◆ **WORK TASK**: Transcribe the data exactly, omitting whatever pictures it holds.

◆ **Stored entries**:

-- Opening Marker --

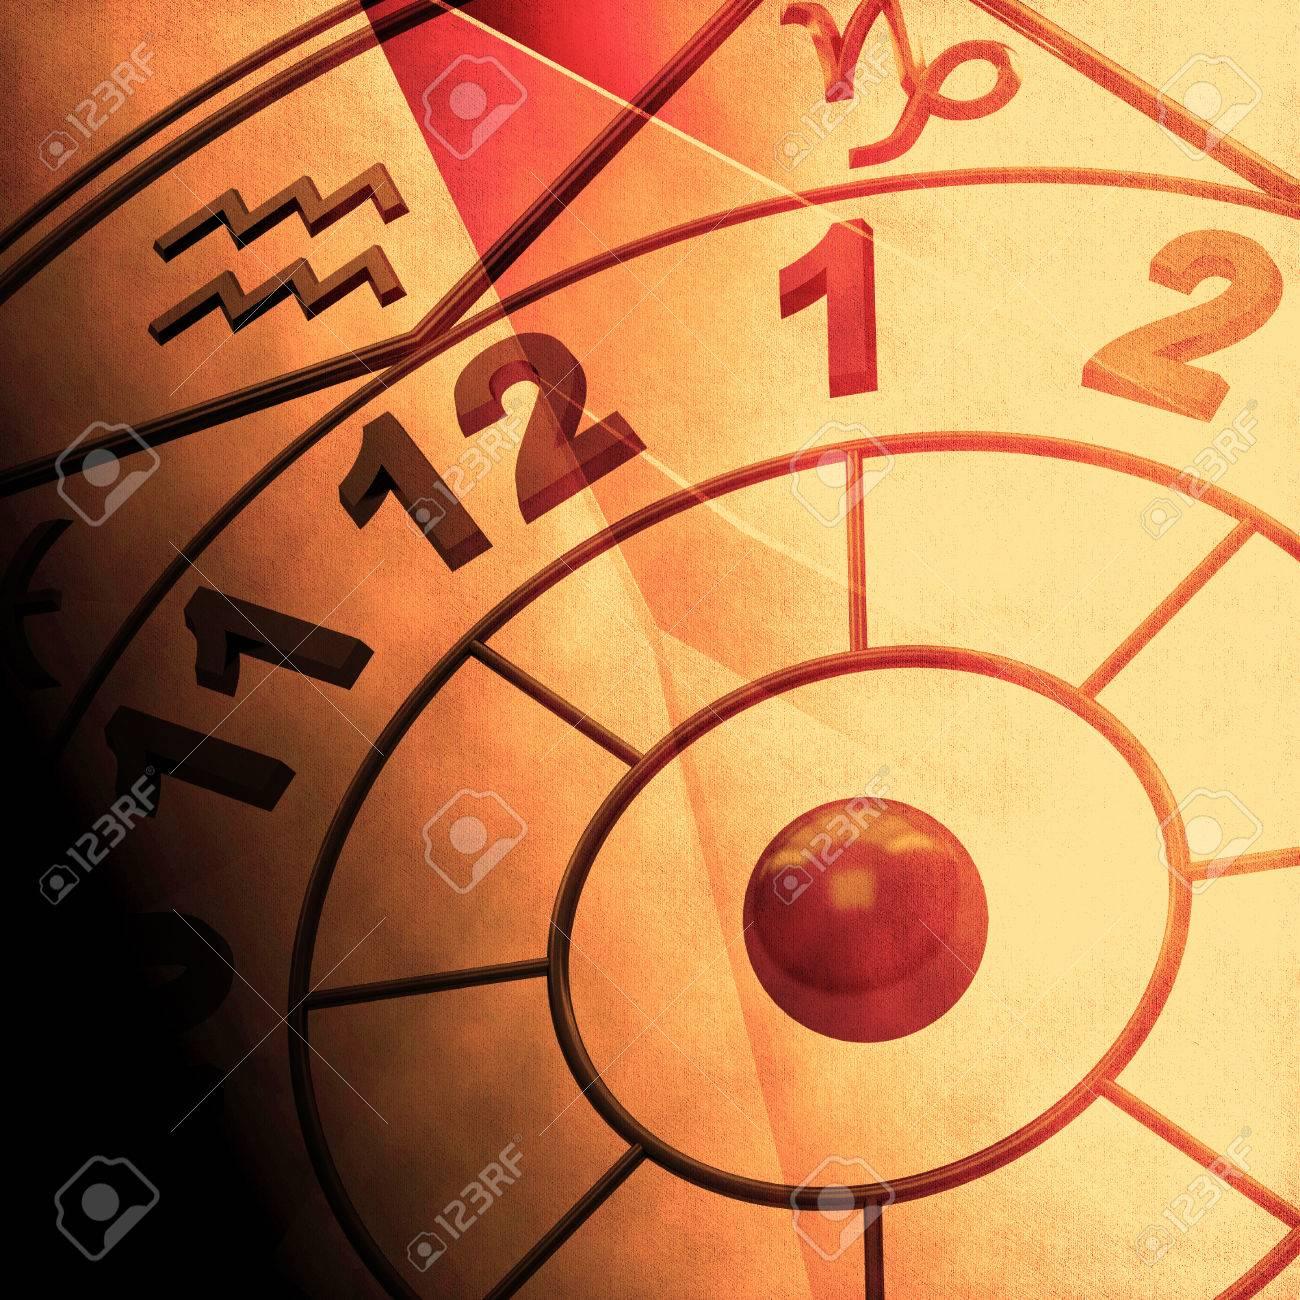 Zodiac Signs - New age horoscope
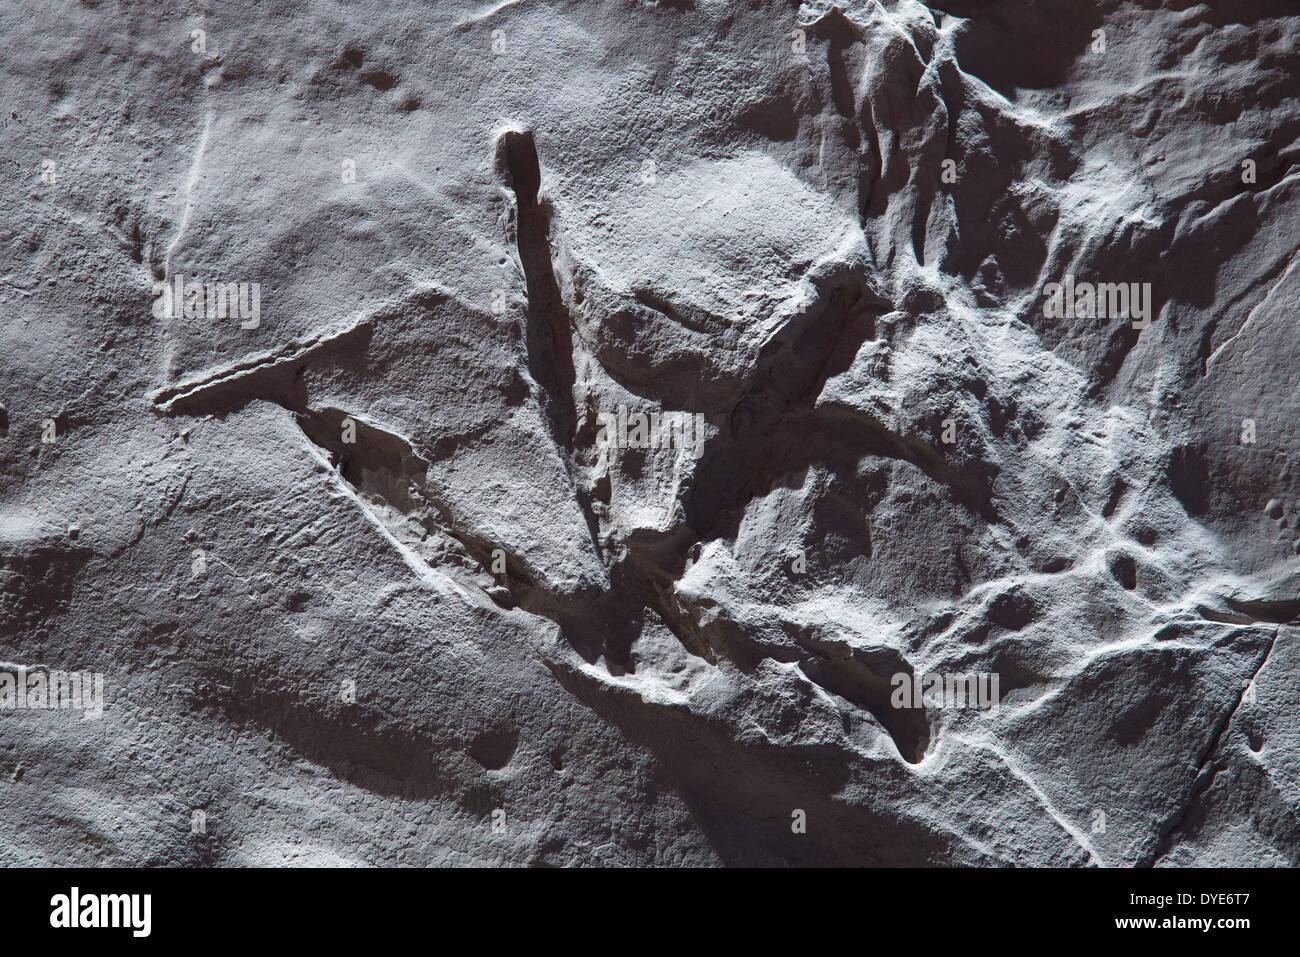 A bird-like three-toed dinosaur footprint left in a mud-rock. - Stock Image
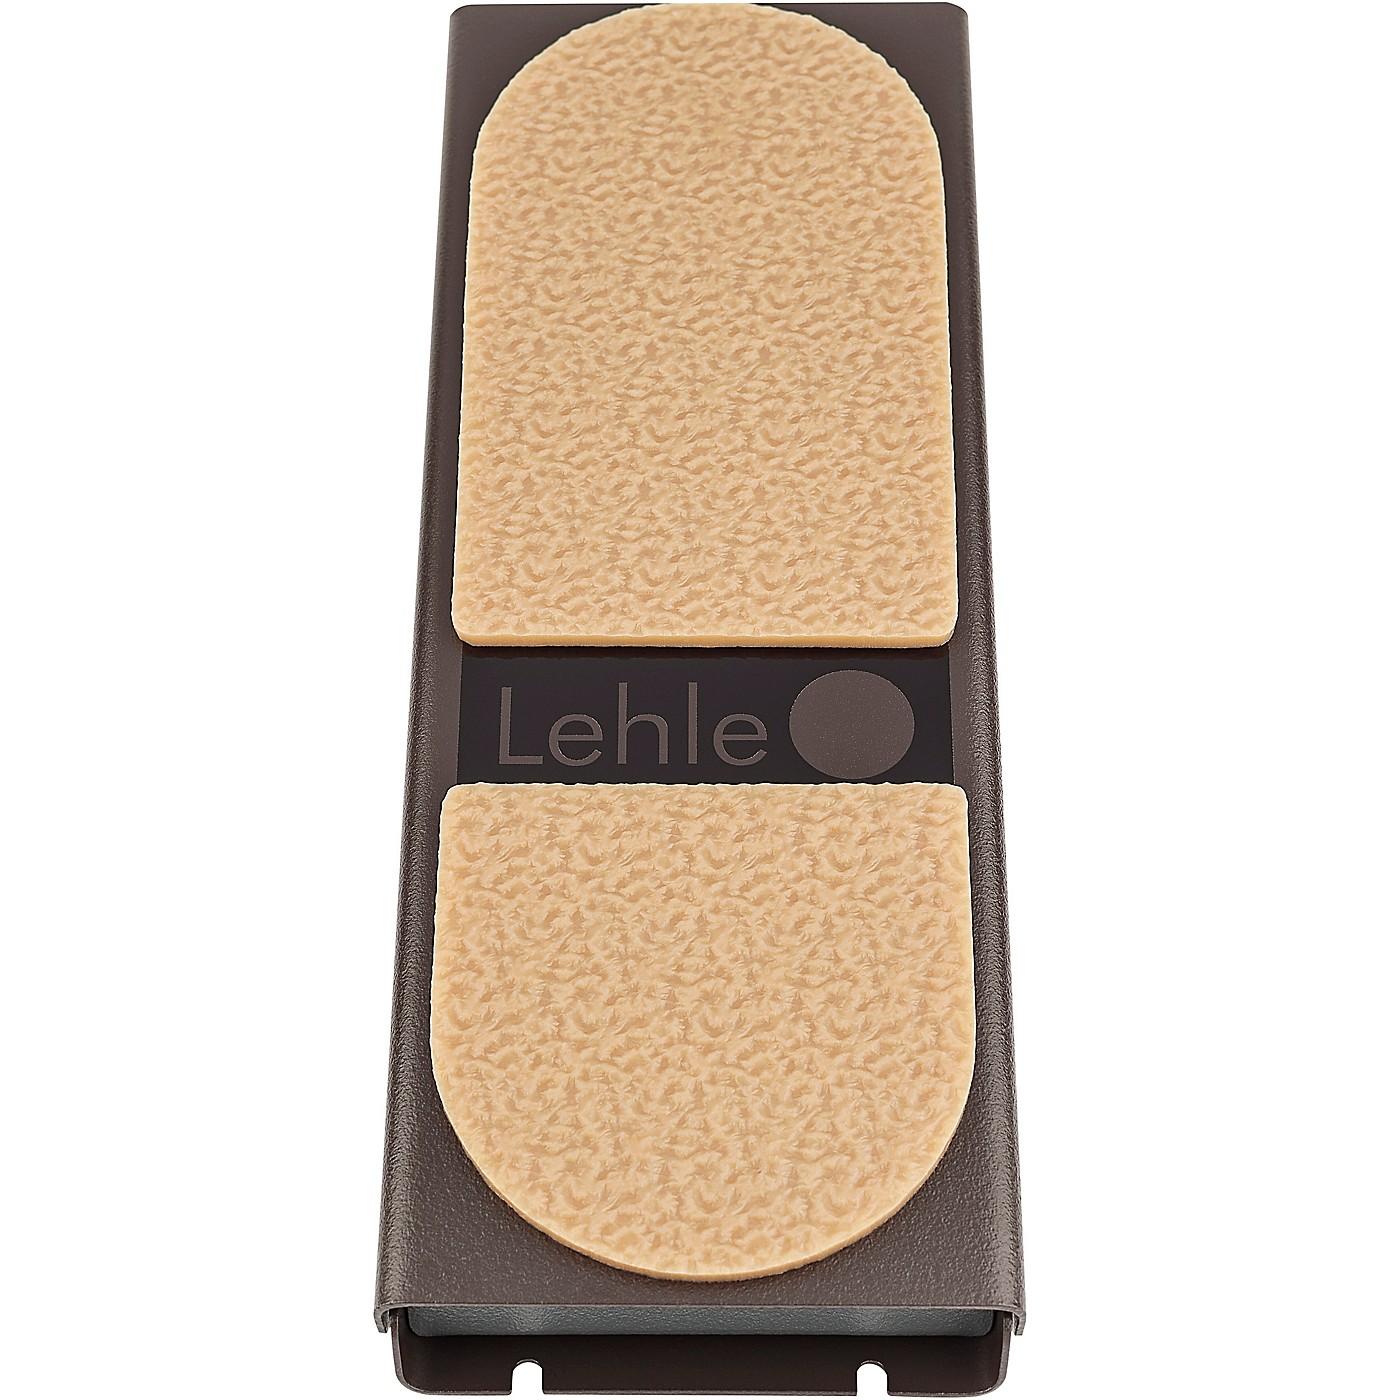 Lehle Stereo Volume Pedal - Active thumbnail
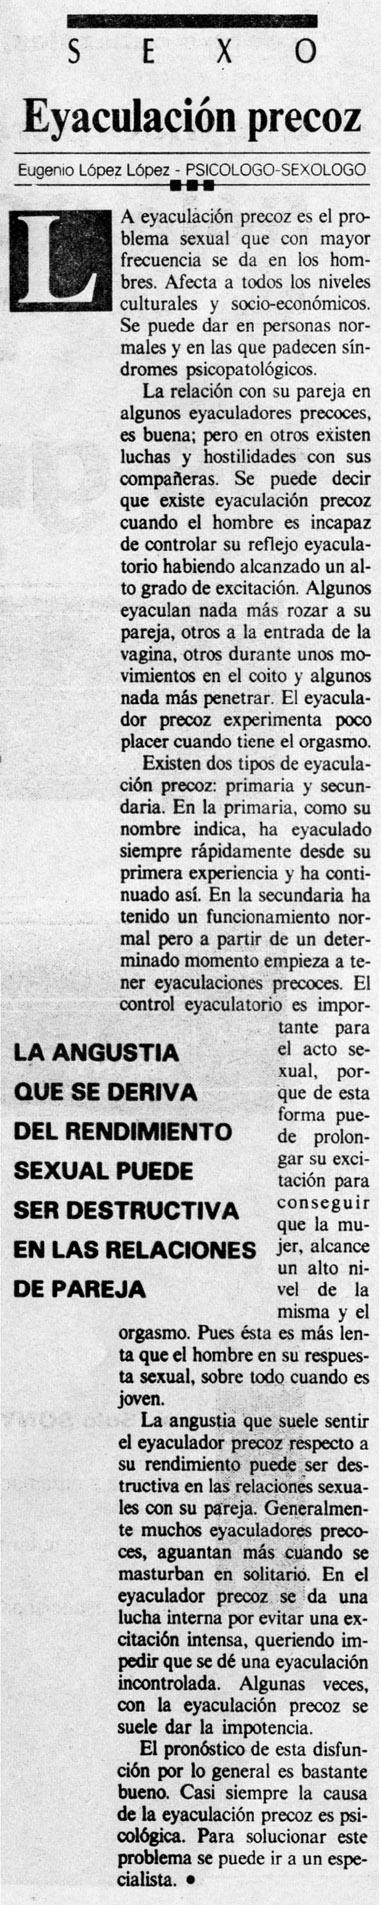 1991-04-21-p-1
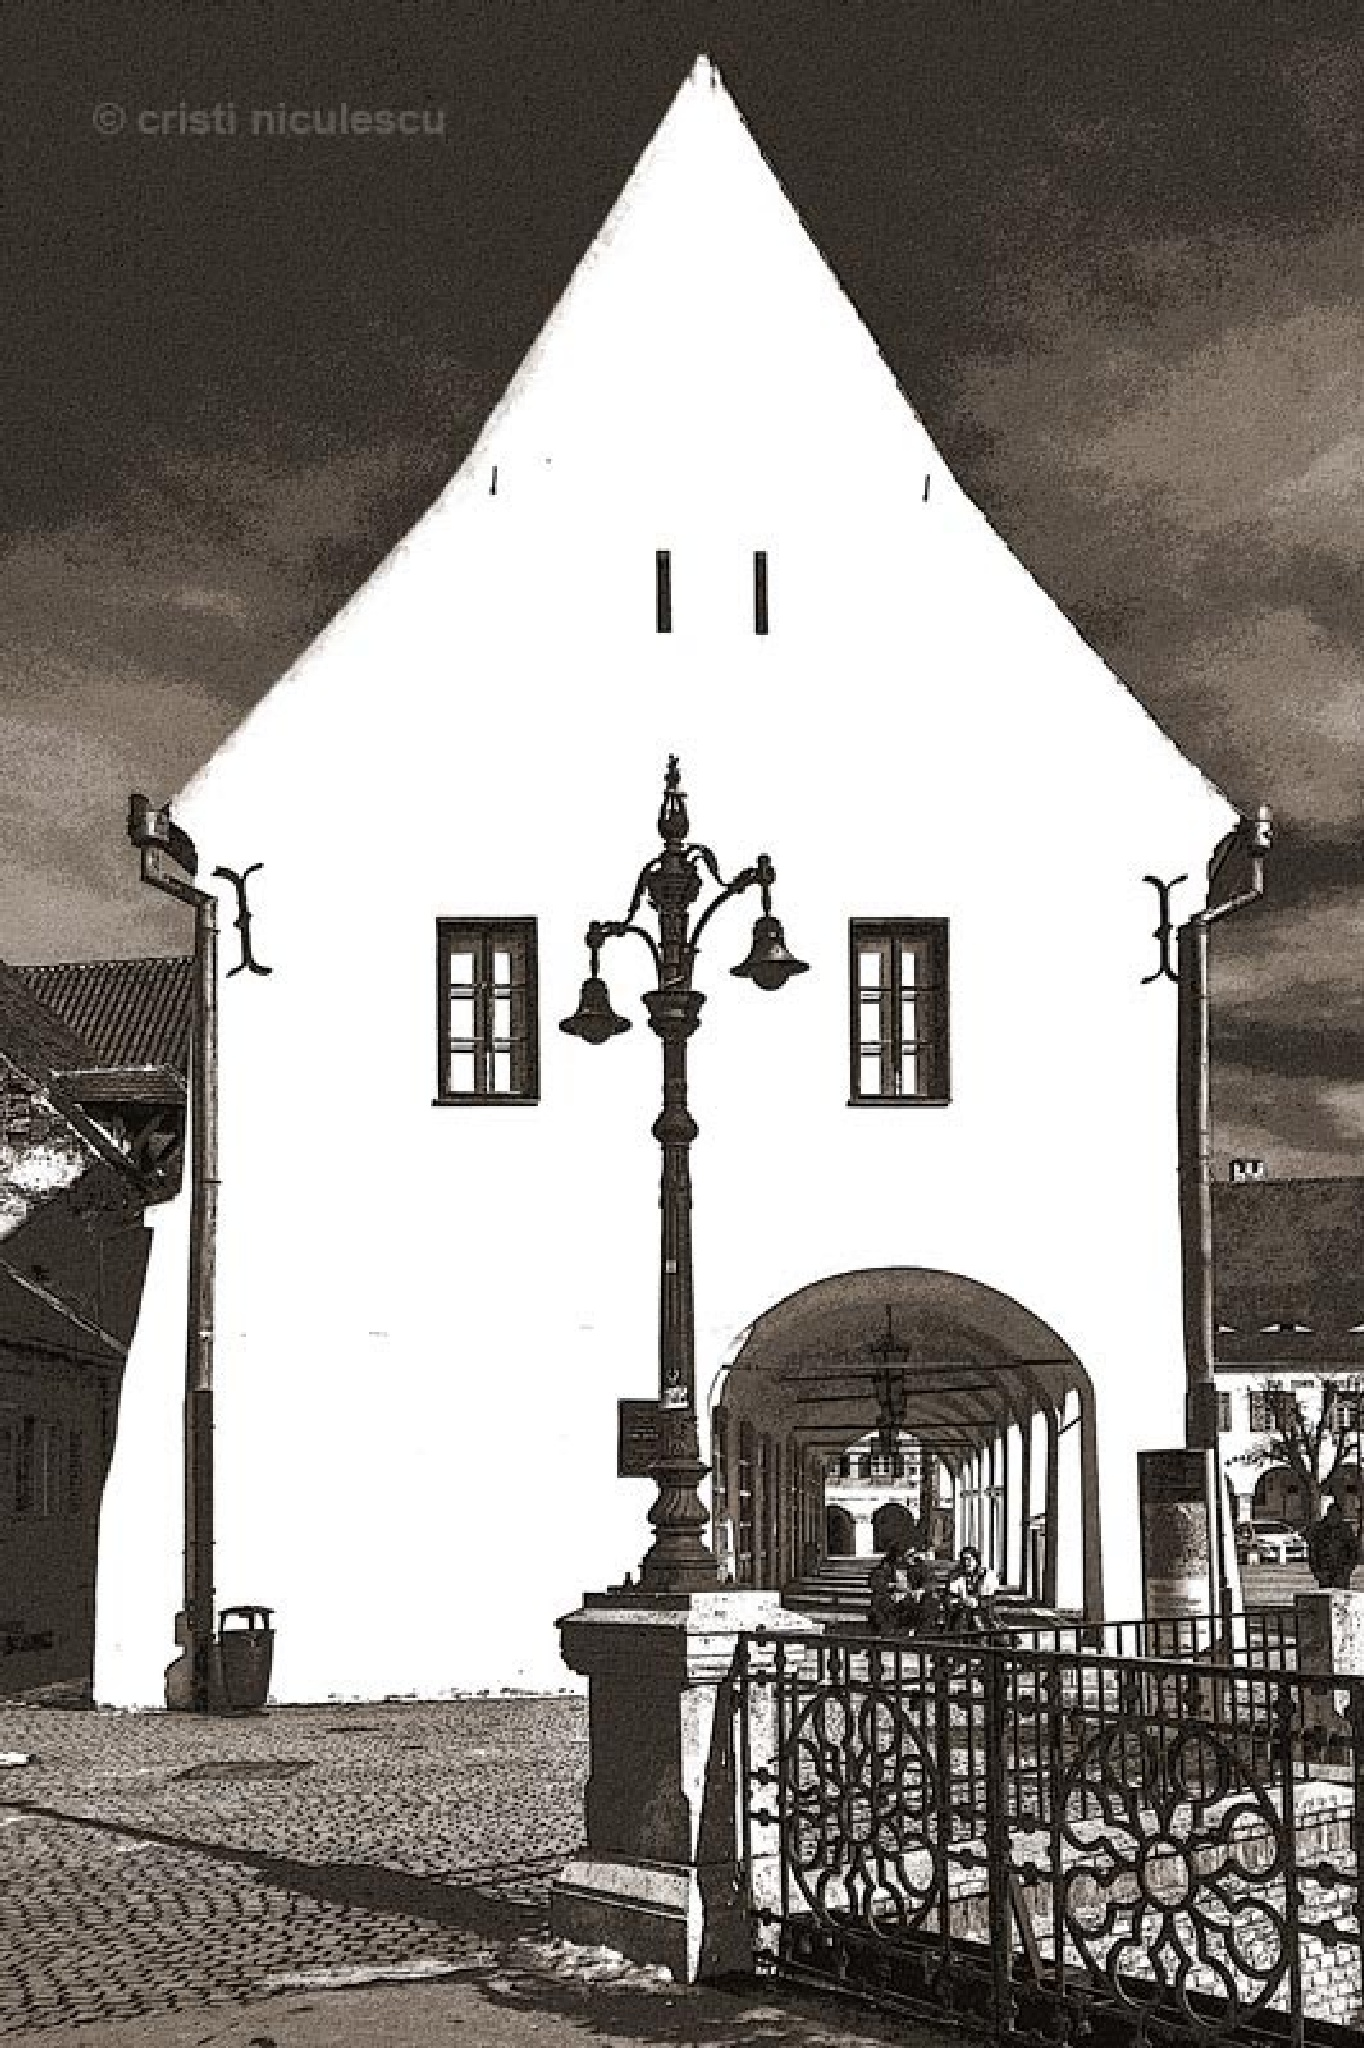 House of Arts by Cristi Niculescu

-- Closing Marker --

◆ **YOUR RESPONSE**:
 Zodiac Signs - New age horoscope
 A bird-like three-toed dinosaur footprint left in a mud-rock. - Stock Image
 Lehle Stereo Volume Pedal - Active thumbnail
 1991-04-21-p-1
 House of Arts by Cristi Niculescu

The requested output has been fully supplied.